**Task instructions**
Copy word for word the lines in the records below, starting at the line with "Rattan armchairs with curved armrests." and ending at the line with "Good conditions.". Skip the pictures.

**The data**
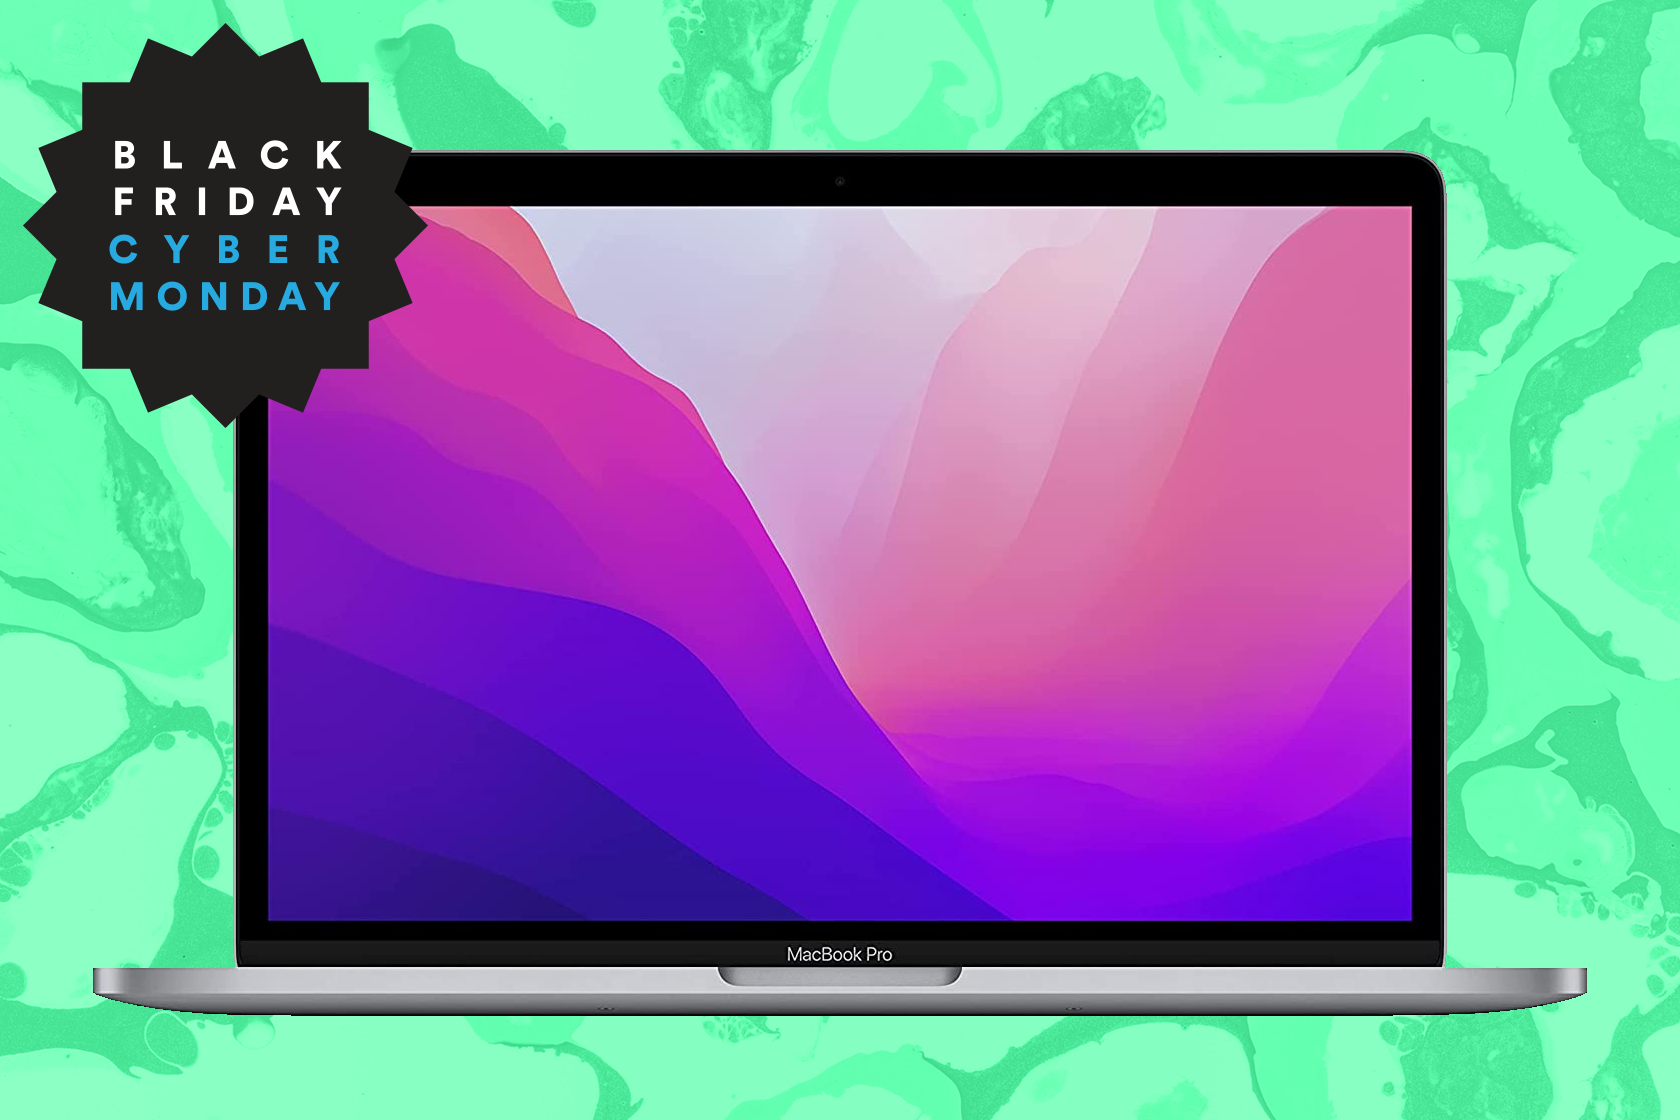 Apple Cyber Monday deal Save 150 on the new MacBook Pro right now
--
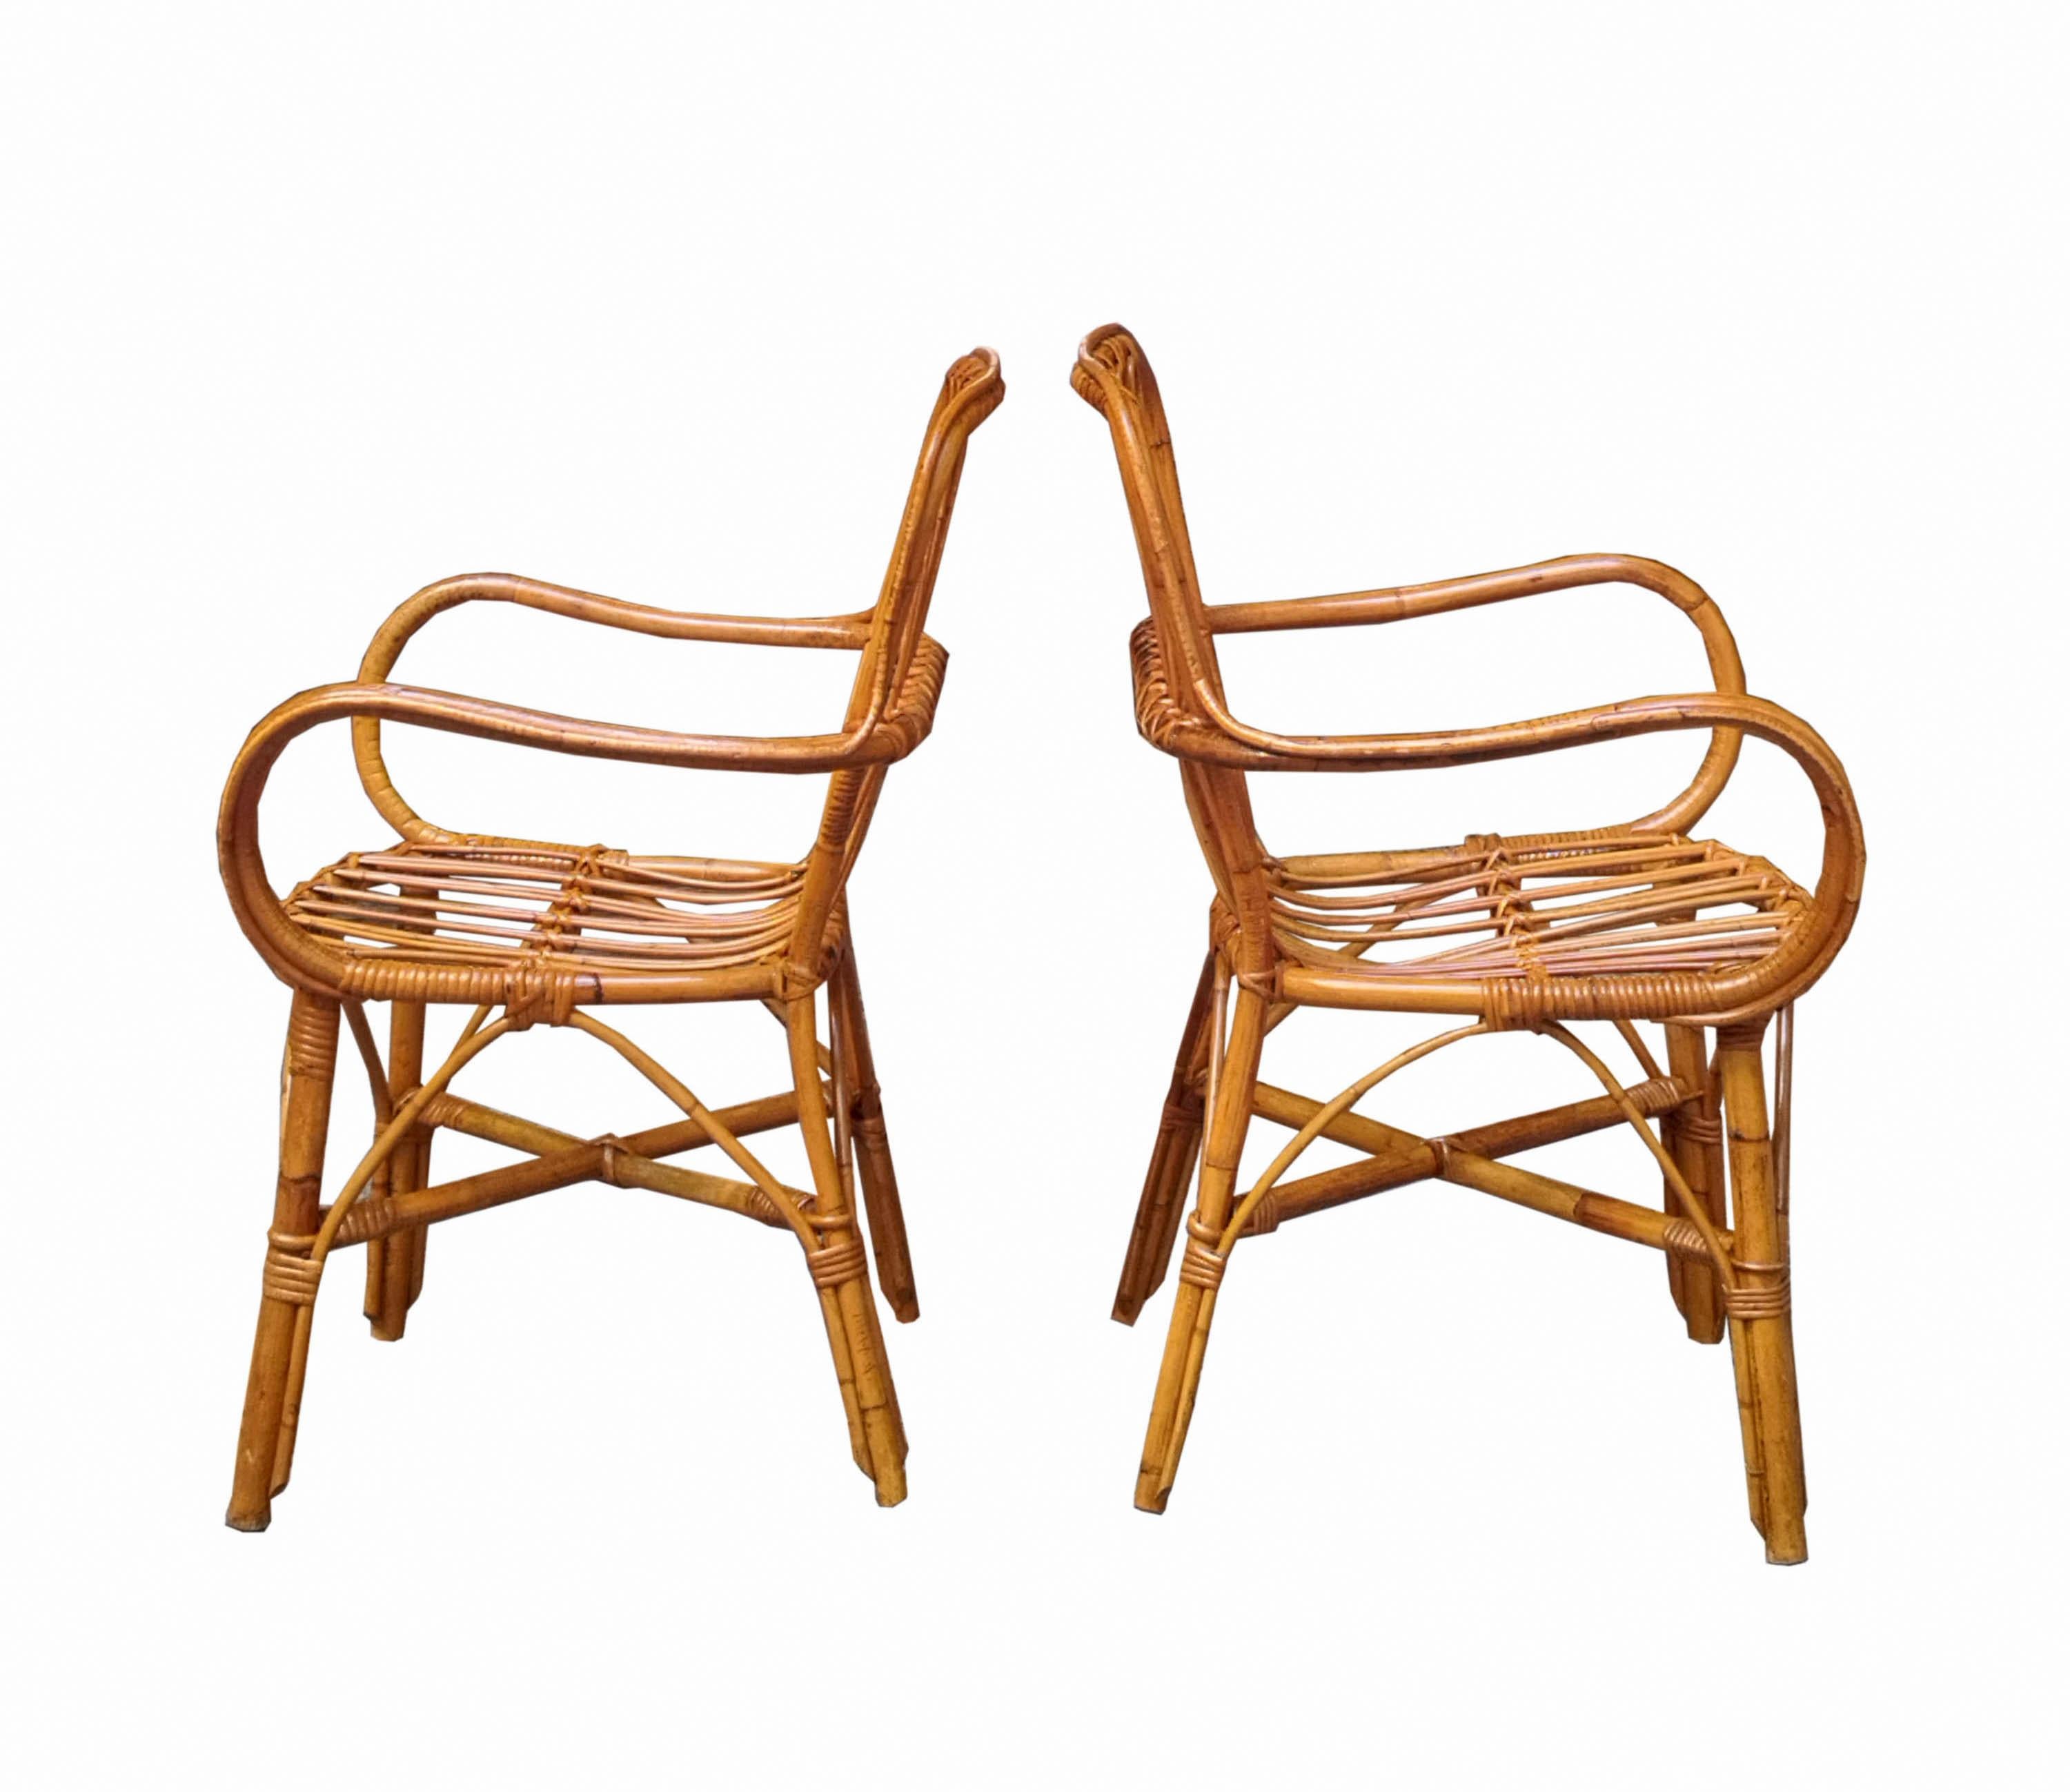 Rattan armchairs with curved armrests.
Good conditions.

**Exercise solution**
 Rattan armchairs with curved armrests.
Good conditions.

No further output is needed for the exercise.